Budget 2021- Sunak Freezes Allowances but Avoids Tax Hike

With borrowing approaching a record £400 billion, an unemployment rate of 5.1% and rising, this Budget was never going to be a giveaway for the taxpayer. Sunak balanced freezing of tax allowances, without increasing personal tax rates, to leave consumers with money to spend to get the economy moving again. A sort of buy now pay later deal.
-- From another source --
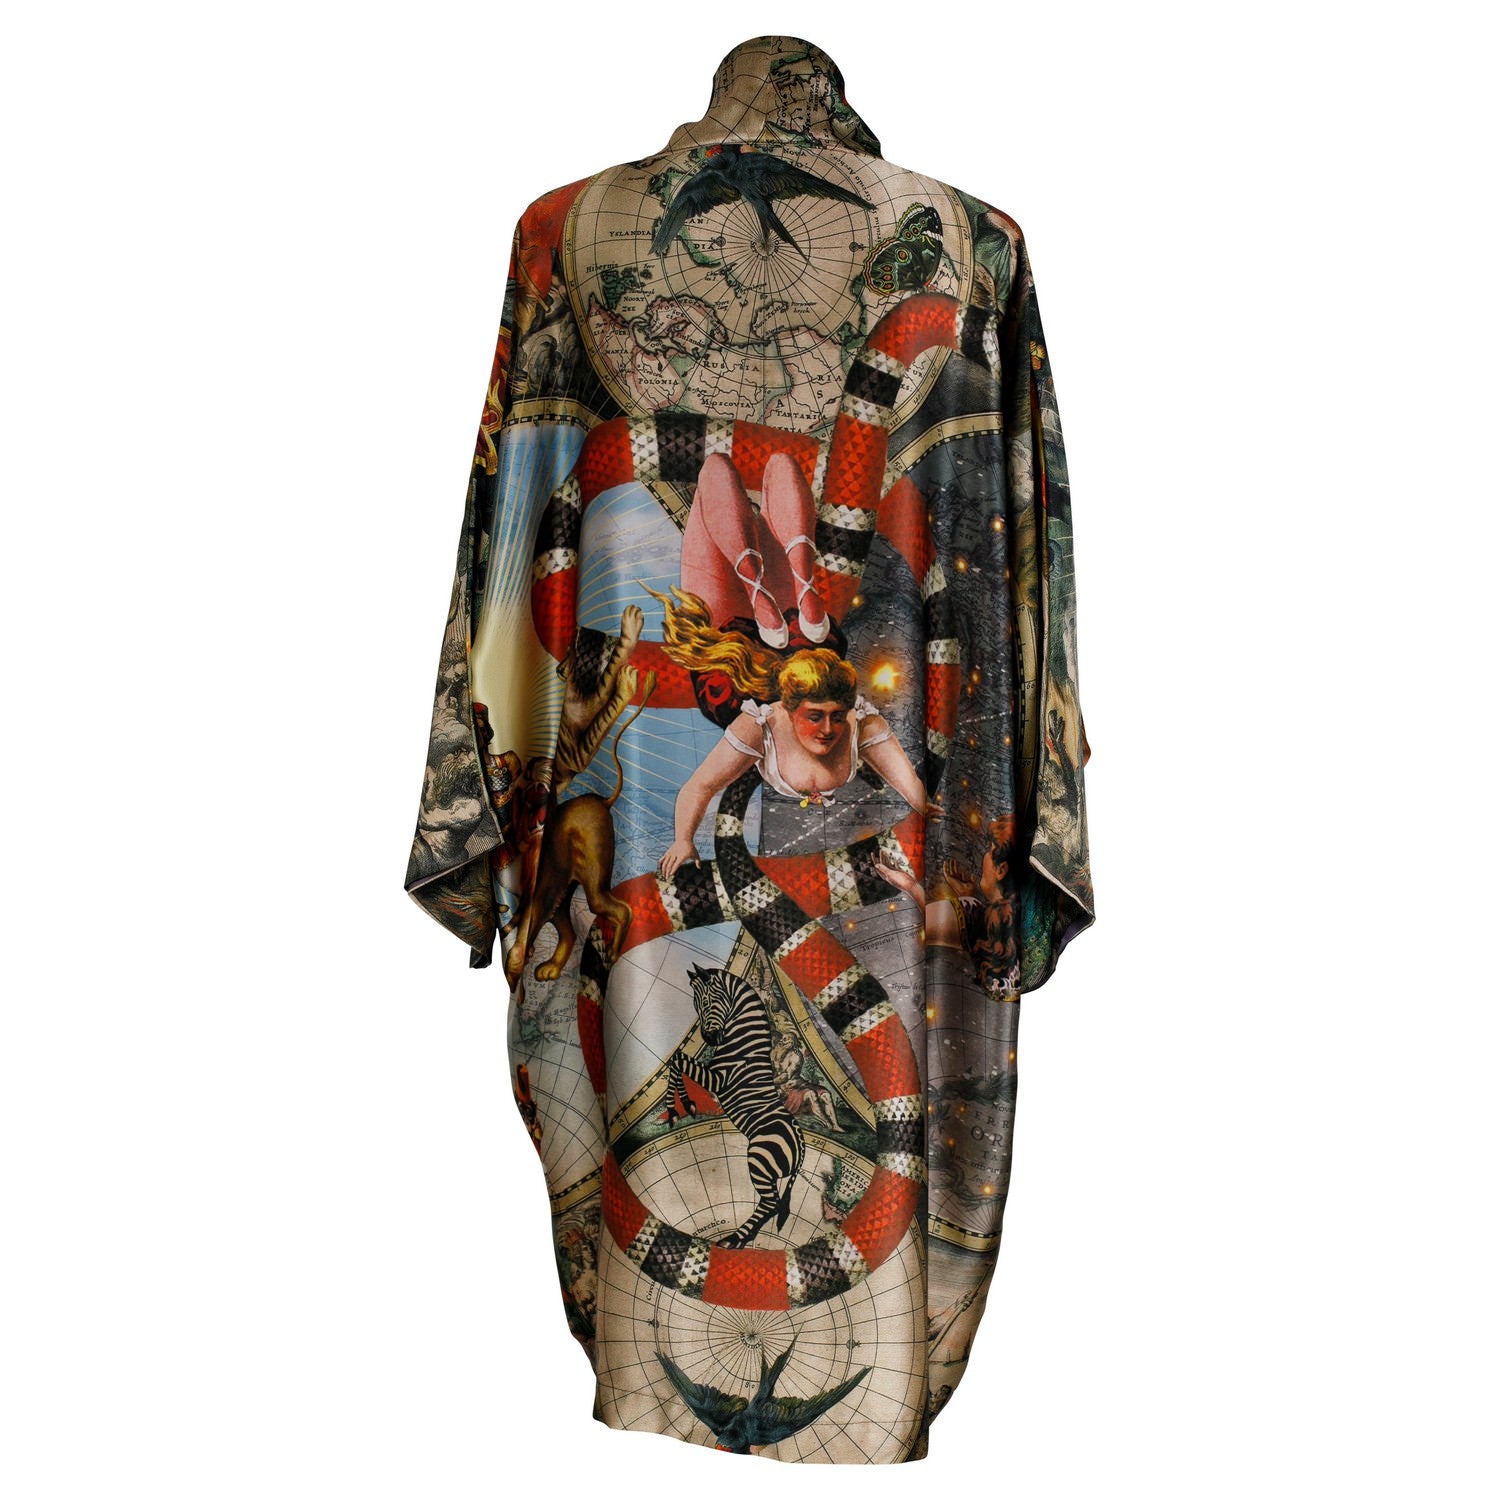 Back view of luxury 100% silk kimono in a maximalist Vintage Circus design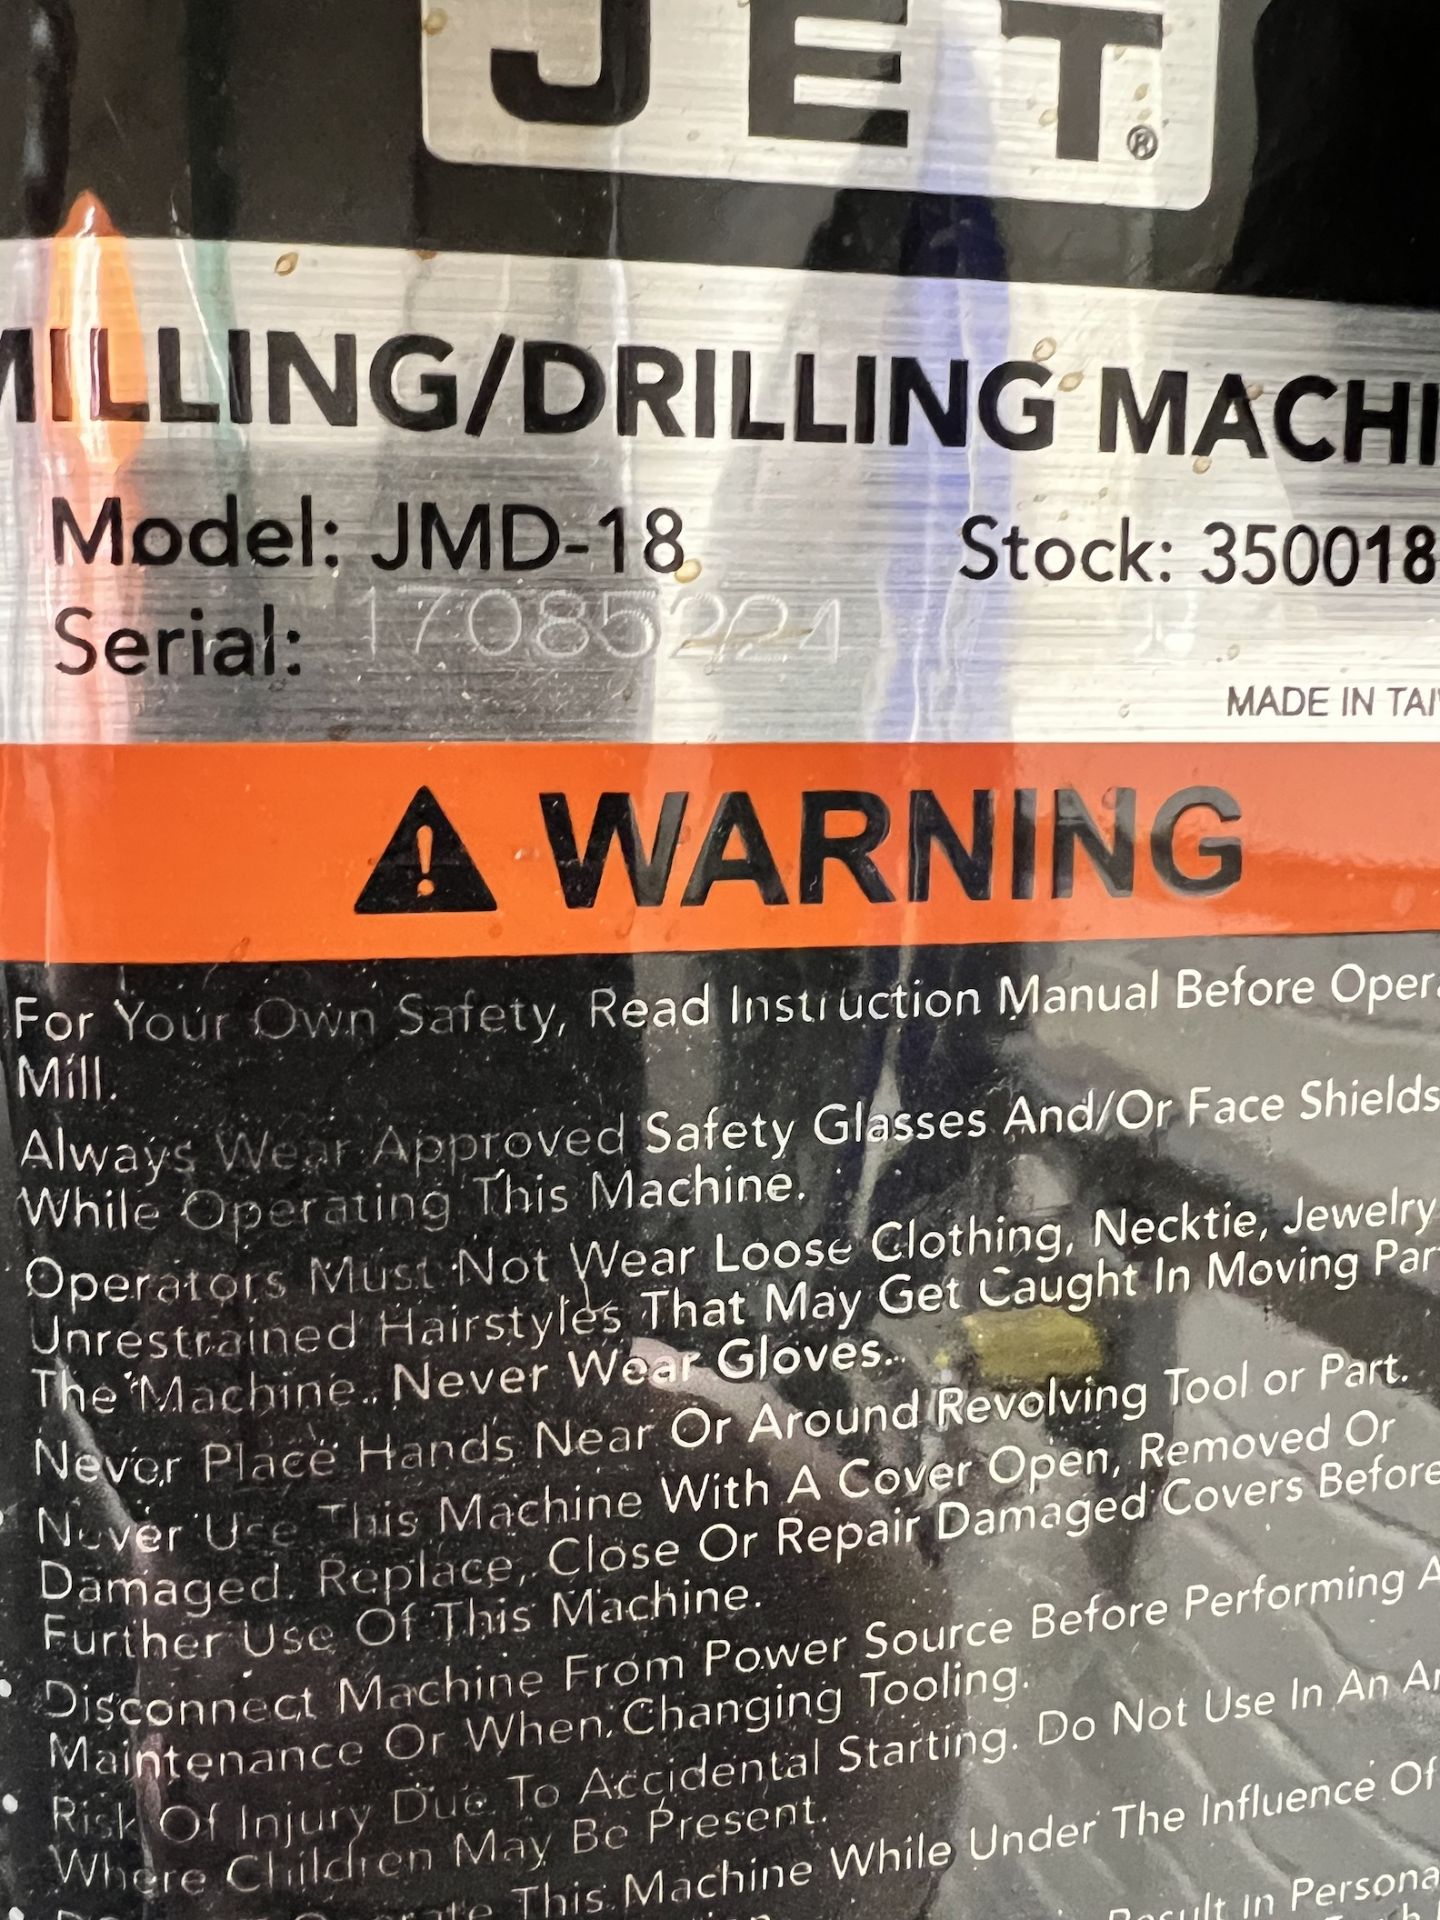 JET PEDESTAL MILLING / DRILLING MACHINE, MODEL JMD-18, S/N 17085221, STOCK 350018 - Image 5 of 6

The need for further tax rises later in this Parliament will depend upon the strength of the economic recovery once lockdown eases. Those with savings and investments, expecting increases in tax rates or huge reductions in allowances, have reasons to be cheerful for now.

Frozen Allowances

The freezing of tax allowances for income tax, capital gains, inheritance tax and pensions savings until 2026 may not matter much in the short term as inflation is currently low at 0.7%. Yet if the economy rebounds, economists expect it to rise rapidly. What that means for taxpayers is: -

  • Every year more tax will be due from rising incomes.
  • Gains made on taxable investments will not be inflation protected,
  • More estates will pay more tax, and
  • The amount which can be tax sheltered in a pension will fall in real terms.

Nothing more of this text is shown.